WASHINGTON -- It's beyond debate that the landmark civil rights victories of the '50s and '60s created dramatically better economic opportunities for African-Americans. In 1960, six years after Brown vs. Board of Education ushered in an era of relative desegregation, slightly more than three-quarters of a million blacks worked at middle-class jobs. That number had swelled to almost 7 million by 1995 and continues to grow.
The apparent prosperity of many blacks and the tremendous advances American society has made in terms of race relations have led some optimistic observers to declare that color no longer matters.
That's wishful thinking, according to Thomas M. Shapiro. The substantial progress of blacks does not "suggest by any stretch of the imagination that we have seen the dawning of the age of racial parity in the United States," he writes in his persuasive new book, "The Hidden Cost of Being African-American."
After he and his team of researchers interviewed nearly 200 families in Boston, Los Angeles and St. Louis, Shapiro arrived at a conclusion that won't surprise many African-Americans: "Black and white professionals in the same occupation earning the same salary typically move through life with significantly unequal housing, residential and educational prospects, which means that their children are not really on the same playing field."
Shapiro, a sociology professor at Brandeis University, argues that efforts to measure economic well-being and inequality tend to focus on income, education and jobs -- a narrow focus that inevitably yields an incomplete picture.
The emphasis, he suggests, should be on wealth, not income. During a phone interview last week, I asked him to explain the difference. "Income is the money people receive from our jobs or substitutes for jobs such as Social Security or unemployment," he said. "For most people it's a paycheck, which the majority of us use to reproduce our existence," i.e., buy basic necessities and keep a roof over our heads. "We use wealth as much more of a storehouse of assets rather than a stream," Shapiro said. Wealth typically takes the form of home equity plus savings accounts, stocks and bonds.
"In most families when they have assets, especially when they're above $5,000, they think of them as moving-ahead money," he said, "not only as a safety net but also for moving ahead, launching and stabilizing social mobility, such as taking advantage of a business opportunity or paying for private school for their kid."
The official poverty rate for blacks is 24.1 percent, but when Shapiro factors in wealth considerations, he comes up with 55 percent. He acknowledges that far too many white families -- 26 percent -- fare poorly by his formula as well. "Four in 10 American families live a pretty fragile existence in terms of asset stability," he said. "They really can't survive a crisis very well." In such households there is no moving-ahead money; just staying-alive money.

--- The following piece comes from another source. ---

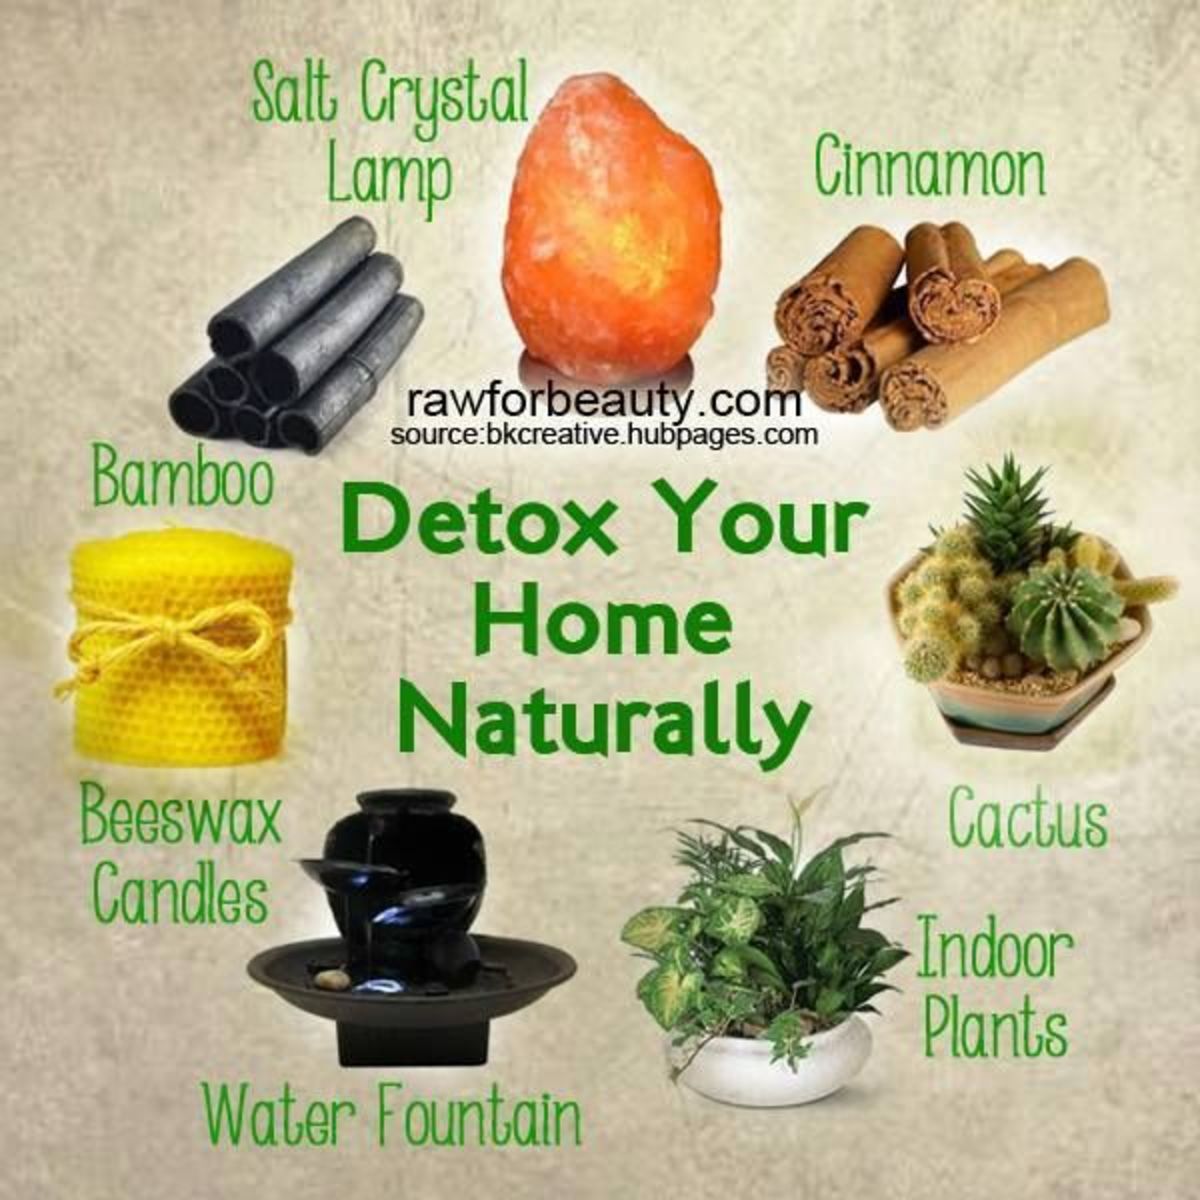 Detox your home naturally

And blacks continue to have less of it than whites. Conservatives tend to attribute lingering disparities to blacks themselves, blaming lousy saving habits, irresponsible sexual behavior and criminal activity. There's no doubt that such things help keep some poor people impoverished, but what if we're not talking about poor people?
"Even black and white families with equal accomplishments are separated by a dramatic wealth gap," Shapiro says. In his view, there are still too many ways in which "being black disadvantages even successful, hard-working, playing-by-the-rules, middle-class blacks."
That kind of talk will certainly rile folks who think black people should quietly appreciate their good fortune and stop complaining about what they don't have. I get letters from readers who argue as much, emphatically telling me that my people need to "get over slavery."
But you don't have to go as far back as slavery to trace the source of economic inequality, Shapiro said. He cited as an example some neighborhoods that sprang up following World War II, communities that for years barred blacks and other minorities. "Those kinds of communities have increased tremendously in value. That's the wealth that's being passed down in families."
For obvious reasons, previous generations of blacks had little of economic value to pass down. Consequently, their descendants are forced to go without the generational transfers of wealth that many whites rely on for things such as down payments for houses. Shapiro derides these forms of seldom-measured assistance as "wealthfare."
He demurred when I asked him if he thought whites would willingly give up such advantages -- if he could convince them that they existed at all. His book is "part of a larger, more honest conversation to have in the U.S.," he said, "about how families become successful and the linkages in some instances between advantage and disadvantage."